In all, 14 control litters (53 males) and 8 NIC-exposed litters (20 males) were used to assess development and maturation in offspring. The dam was first removed from the home cage and specific tests measuring reflex development, motor coordination, and muscle strength were applied to the offspring. All testing was conducted between 0900 and 1600 hours.

To assess righting reflex, each pup was given two successive trials per day from PND 2 to 5, and the time from being placed in a supine position until it righted itself onto all four feet was recorded. The cutoff time was 30 s. Surface righting reflects the development of labyrinthine and body righting mechanisms as well as vestibular function and motor development.

Negative geotaxis was observed daily from PND7 to PND10; pups were timed for completing a 180° turn within 30 s when placed in a head-down position on a 25° inclined wooden surface. Rats were given two consecutive trials per day and the mean was calculated. Negative geotaxis reflects vestibular function, motor development, and activity.

Forelimb grip strength was assessed on PND17. A steel wire (20 cm long and 0.3 cm thick) was supported between two poles of wood 25 cm above the table covered with soft towels. The latency to fall off the wire grasped by both forepaws was measured with a maximum time of 20 s and is a measure of muscle strength.

Maturational Milestones

Pups from each litter were weighed on PND 1, 5, 10, 15, and 20. The emergence of physical maturation landmarks were noted, including pinnae detachment (PND3), incisor eruption (PND 7–10), fur appearance (PND9), and eye opening (PND12). Eyes were recorded as open only when both eyes were open.

Tests in Adulthood

Tests in adulthood were conducted on groups of 10 (NIC) to 12 (Con) animals coming from 8 (NIC) and 12 (Con) litters.

Locomotor Activity

The number of cage crosses was assessed in 2-month old animals during a 60-min test session in photocell activity cages measuring 30 × 30 × 30 cm (Schneider et al, 2010). The animals had no previous exposure to the cages.

5-CSRTT

Aluminum operant conditioning chambers (Cenes, Cambridge, UK) were illuminated by house lights and housed in ventilated enclosures. The curved rear wall of each chamber contained five square holes. At the entrance of each hole, a photocell monitored interruptions of an infrared-light beam and at the rear there was a green light-emitting diode. A tray for delivering food pellets was located in the opposite wall, equidistant from each aperture.
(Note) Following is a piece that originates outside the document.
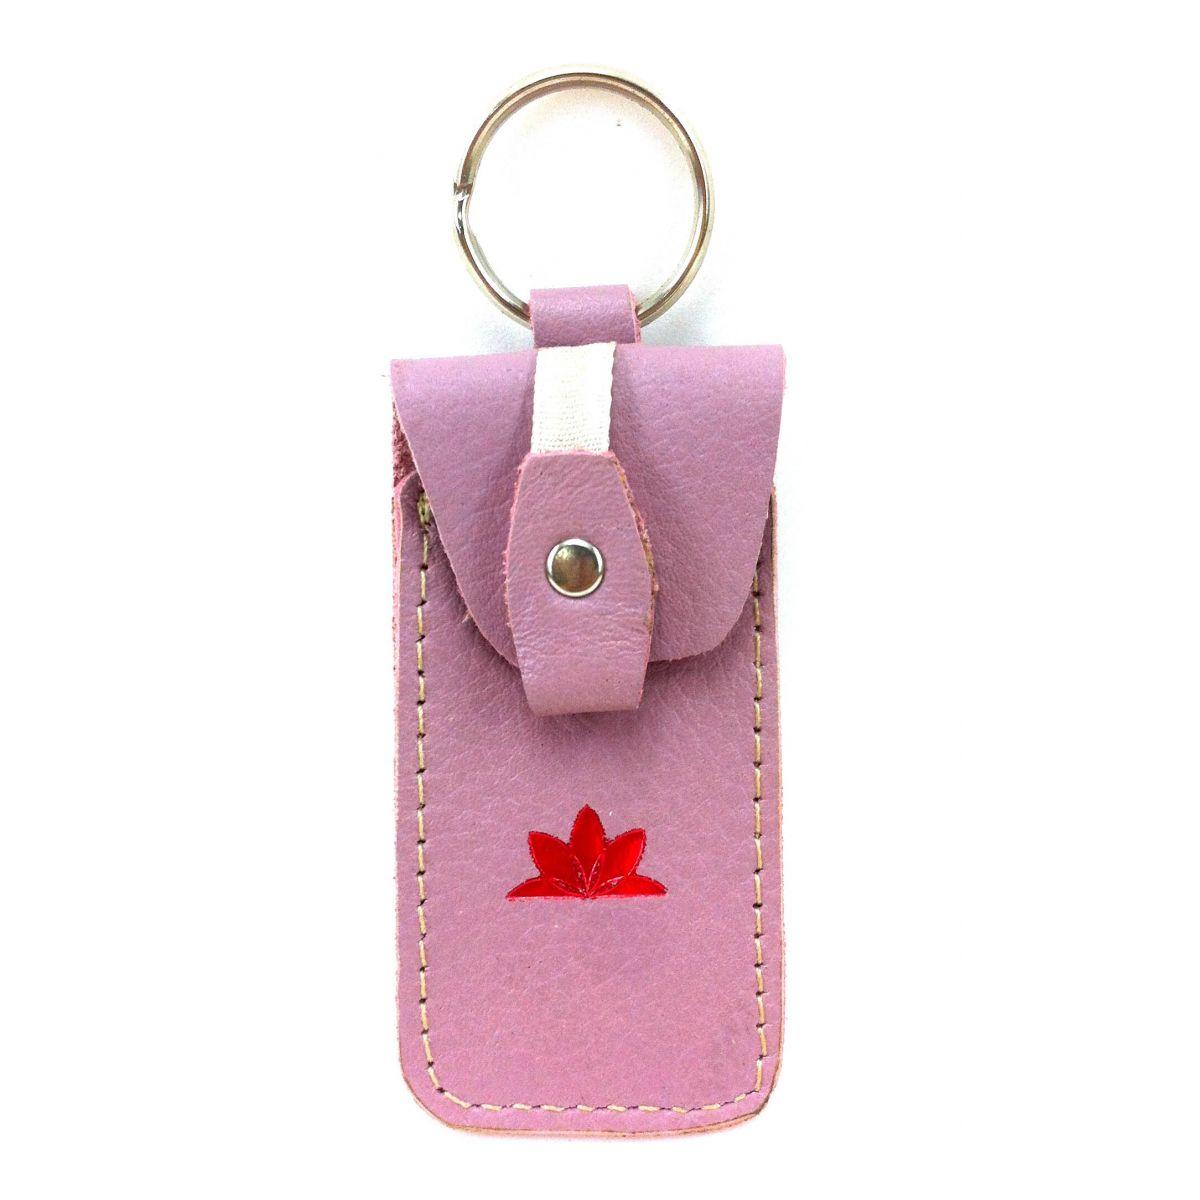 Porta pen drive de couro ecológico rosa Seminate

The training phases of the experiments were based on procedures described elsewhere (Hahn et al, 2002). A total of 22 adult rats (NIC=10, Con=12) aged 3 months were assessed in the 5-CSRTT. They were housed singly 1 week before starting the 5-CSRTT. The mean weight of each animal was calculated as the average of the three weights from that week. The start point for each individual rat on the growth curve was identified and the body weight of each rat was reduced to 85% of its free-feeding weight by restricting the amount of food given during the following week. The experiment started on the fourth day of food restriction. Training was initiated by habituation to the chamber and magazine training, followed by attentional training beginning with response holes illuminated for 10 s (stimulus duration), followed by the introduction of progressively more demanding task parameters (Table 1). In the final stage of training, a stimulus light in a randomly chosen hole was illuminated for 1 s. If a subject nose-poked into a hole while it was illuminated or within 5 s after the light had terminated (limited hold), a 45 mg food pellet (BioServ, Frenchtown, NJ) was delivered into the food tray and a correct response was registered.

Table 1 Consecutive Steps During 5-CSRTT Training

A response into any other hole during that time was recorded as an incorrect response and resulted in a 5-s time-out during which the house light was extinguished. A failure to respond before the end of the limited hold was registered as an omission error and had no programmed consequences until animals reached step 3 of the procedure, when a time-out of 5 s duration was introduced (Table 1).

The next trial was initiated immediately after a correct response was made or at the end of the time-out that followed an incorrect response. The mean duration of the intertrial interval (ITI) was 5 s; individual ITIs varied randomly within the range of 0.625–9.375 s. Responses during ITIs were recorded as anticipatory responses and resulted in a time-out of 3 s duration starting from step 3 of the procedure (responses during the time-outs were not counted as anticipatory responses). All training and test sessions lasted for 30 min. Rats were advanced into consecutive experimental stages when their accuracy (percentage of correct responses) reached 70% and number of omissions was not >25%.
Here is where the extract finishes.